Pharmacogenetics of Response to GLP1R Agonists (PORT)

Overweight/obese otherwise healthy volunteers will be recruited from the Old Order Amish population in Lancaster County, PA. Lancaster County, PA. Pharmacodynamic responses to GLP1R agonist will be assessed by conducting frequently sampled intravenous glucose tolerance tests (FSIGT) both before and after semaglutide for six weeks. The proposal proposes two specific aims:

1. Specific Aim #1. To identify genetic variants associated with effects of a GLP1R agonist to enhance glucose-stimulated first phase insulin secretion in the two FSIGTs (before and after administration of drug).
2. Specific Aim #2. To identify genetic variants associated with the effect of a GLP1R agonist to accelerate the rate of glucose disappearance as assessed in the two FSIGTs (before and after administration of drug).

Genotyping will be conducted using a high-density array with comprehensive coverage of DNA sequence variants.
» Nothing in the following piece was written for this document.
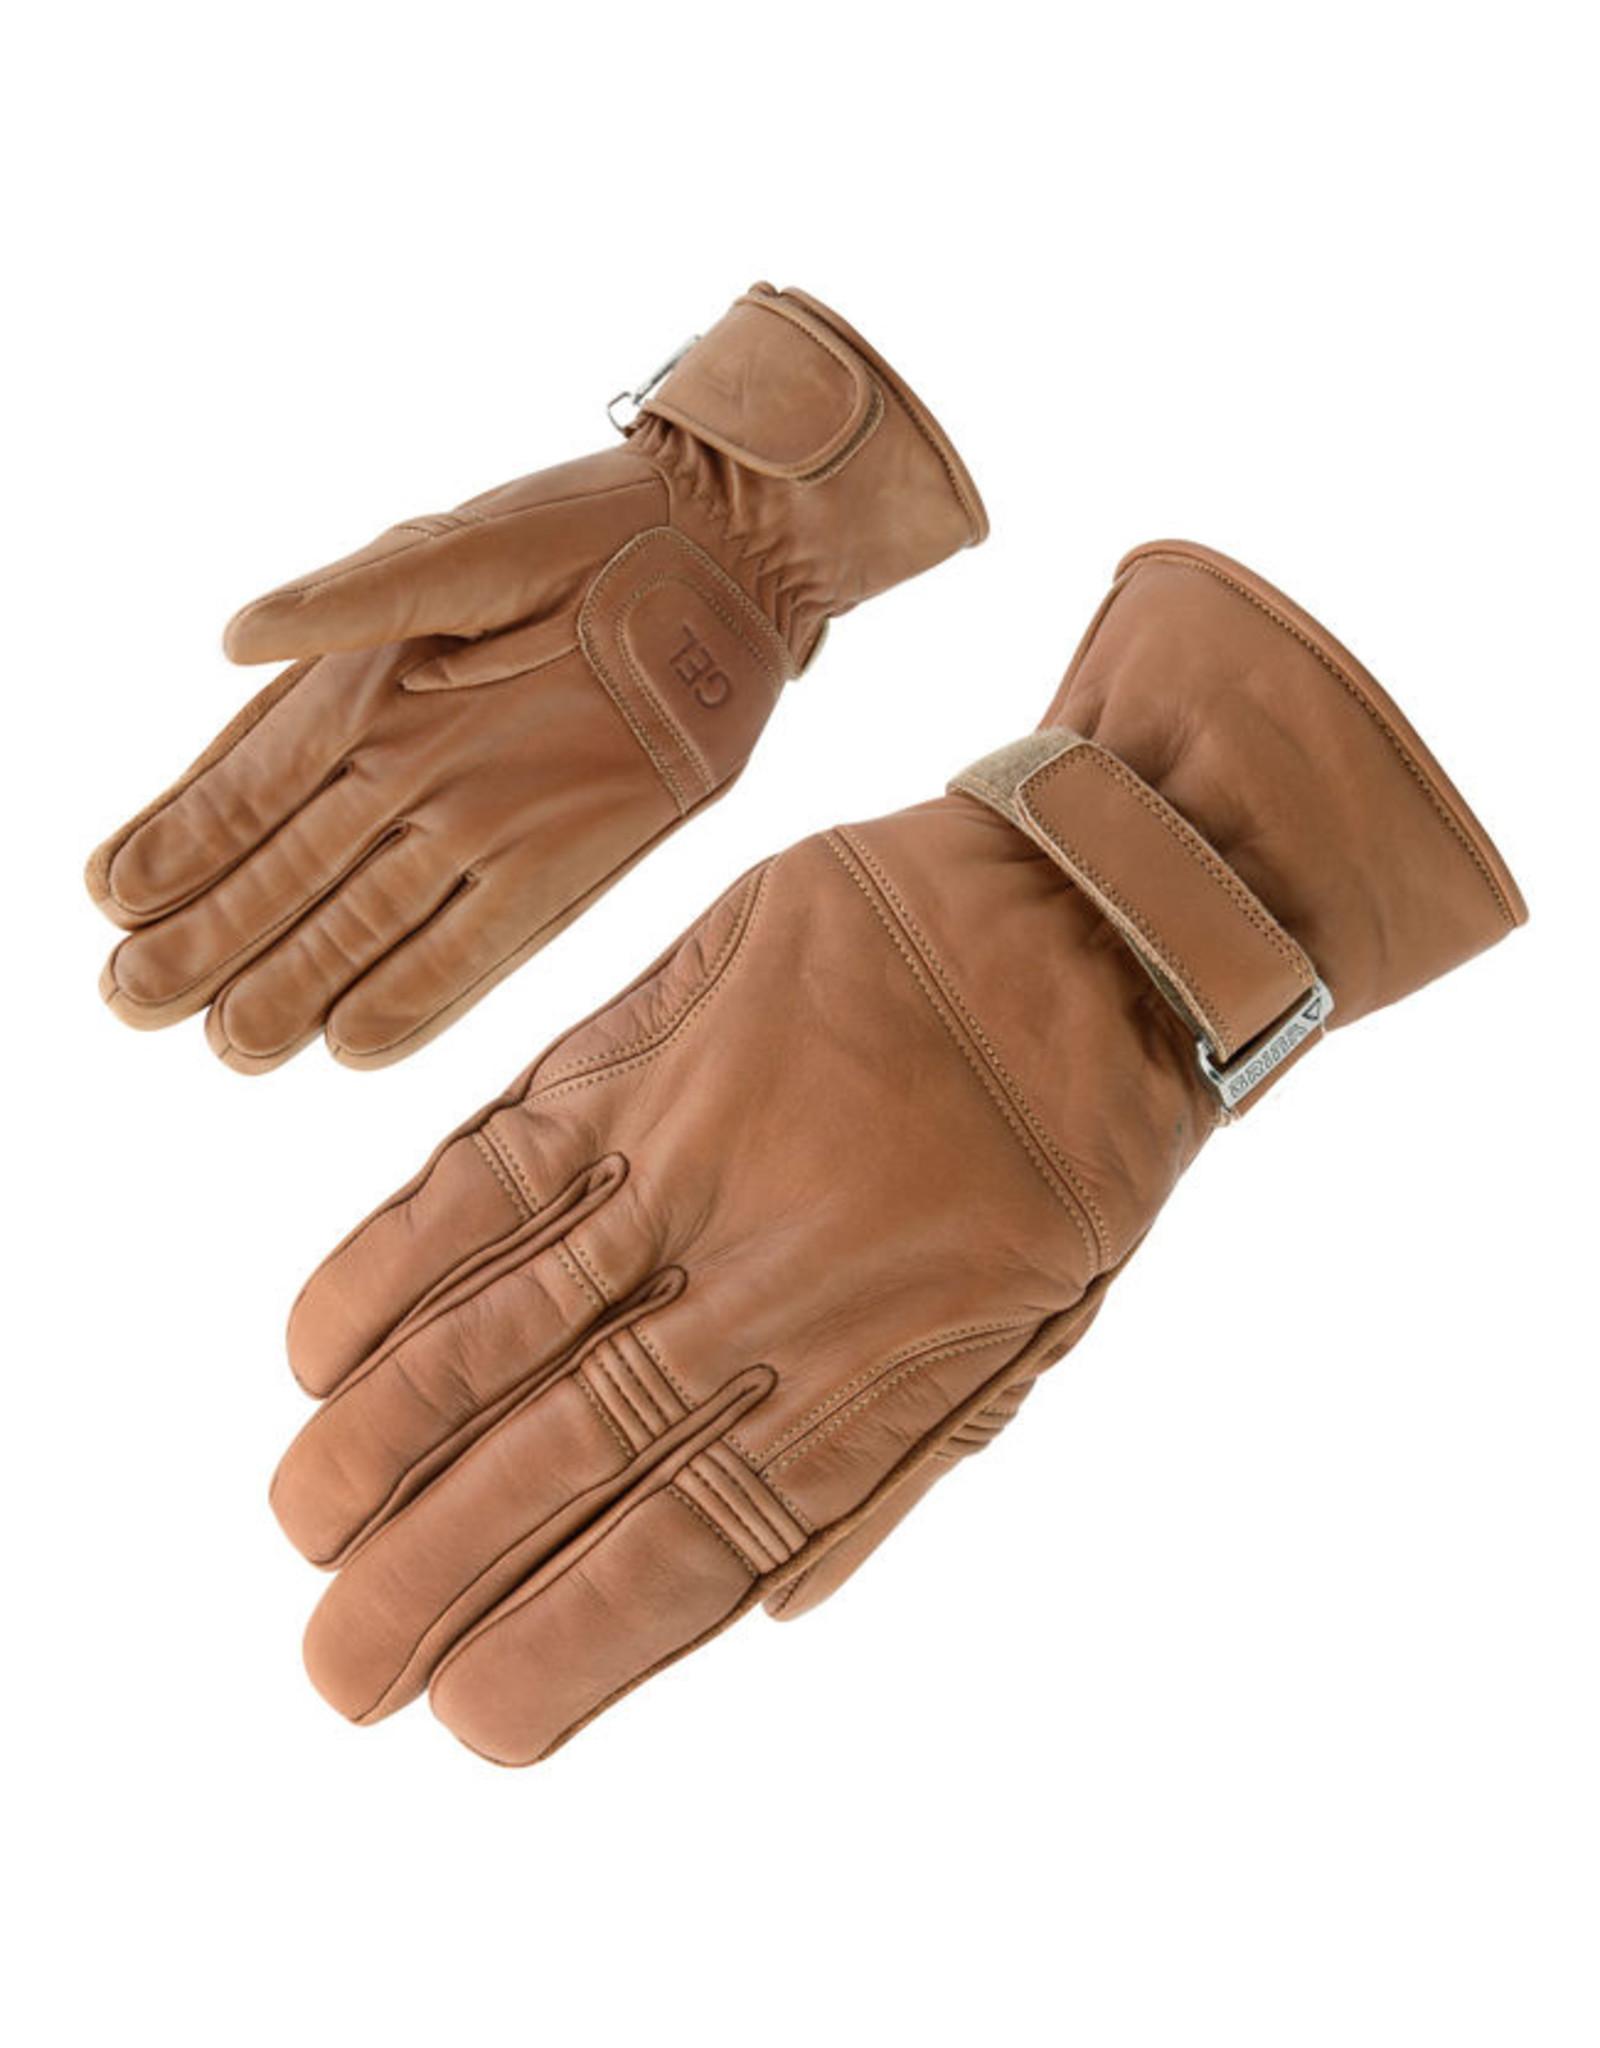 Orina ORINA Waterproof, padded leather gloves Waterproof
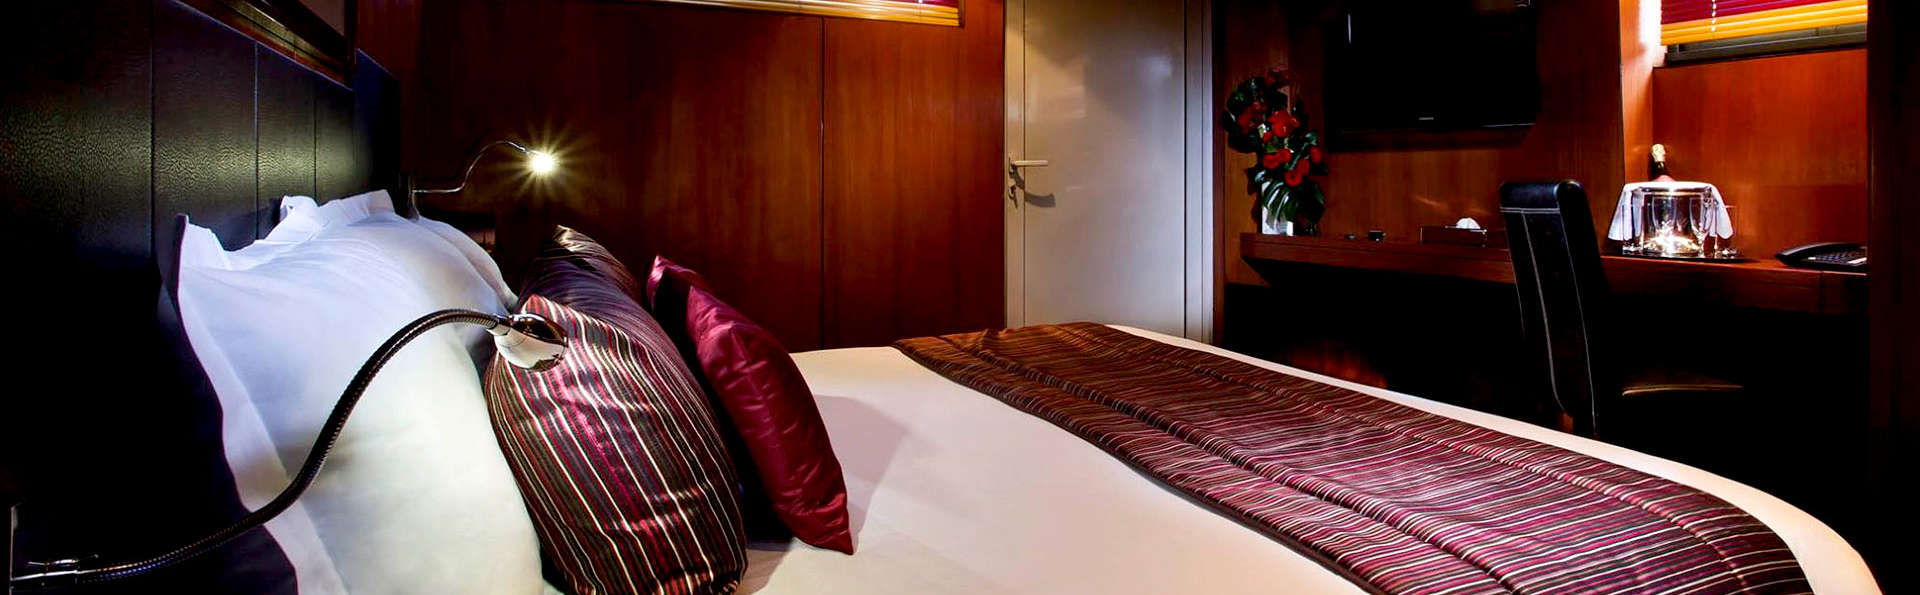 VIP Paris Yacht Hotel - Edit_Room2.jpg

In addition, the analysis will leverage a global imputation panel generated from 1,025 Amish individuals.

Study Overview

• Status: Recruiting
• Conditions: Obesity; Diabetes Type 2
• Intervention / Treatment: Drug: Semaglutide Pen Injector [Ozempic]

Detailed Description

Overweight/obese otherwise healthy volunteers will be recruited from the Old Order Amish population in Lancaster County, PA. In order to assess pharmacodynamic responses, research participants will undergo two frequently sampled intravenous glucose tolerance tests (FSIGT). The first FSIGT will be conducted at baseline prior to administration of drug. The second FSIGT will be conducted after six weeks of treatment with semaglutide (0.25 mg/wk X 4 wks; 0.5 mg/sk X 2 wks). The proposal proposes two specific aims:

• Specific Aim #1. To identify genetic variants associated with effects of a GLP1R agonist to enhance glucose-stimulated first phase insulin secretion in the two FSIGTs (before and after administration of drug).
• Specific Aim #2. To identify genetic variants associated with the effect of a GLP1R agonist to accelerate the rate of glucose disappearance as assessed in the two FSIGTs (before and after administration of drug).

After being determined to be eligible and after having given informed consent, participants will undergo two frequently samples intravenous glucose tolerance tests conducted at two clinic visits as described below:

Visit #1 - Research participants will be transported to the Amish Research clinic in the fasting state (minimum of 8 hour, maximum of 24 hour fast) where height, weight, waist and hip measurements, and vital signs will be measured. Women of child-bearing potential will undergo a urine pregnancy test. An FSIVGTT will be conducted as follows: IV (intravenous) access will be established in both arms of the research participant, one for glucose infusion and the other for frequent blood sampling. NSS (normal saline solution) will be used to maintain patency of IV. Intravenous glucose (0.3 g/kg) will be infused over 2 min at time=0, and 31 blood samples will be obtained between -15 and +180 minutes. Approximately 180 ml (36 tsp.) of blood will be drawn. Upon completion of the FSIVGTT, the participant will be instructed in the self-administration of subcutaneous (s.c.) injection of semaglutide. The first dose of semaglutide .25mg will be administered at this time. The participant will be provided with a post-fasting meal.

Home self-administration of weekly semaglutide: The participant will self-administer s.c. semaglutide weekly for 5 weeks (.25 mg for weeks 2,3,4 and .5 mg for weeks 5,6) A research nurse may observe the participant self-administering the first home dose and will make additional home visits as needed to ensure successful self-injection. The participant will use the study provided scale to obtain and record daily weights in the morning before breakfast throughout the medication weeks.

Visit #2 - This visit will be scheduled within 1 week of the final (6th) dose of semaglutide +/- 5 days. The FSIVGTT will be conducted exactly as during the previous clinic visit.

Genotyping will be conducted using a high-density array with comprehensive coverage of DNA sequence variants. The project will leverage a global imputation panel generated from whole genome sequence data on ~ 100K subjects including 1,025 Amish individuals obtained through the NHLBI-sponsored Trans-Omics for Precision Medicine (TOPMed) program.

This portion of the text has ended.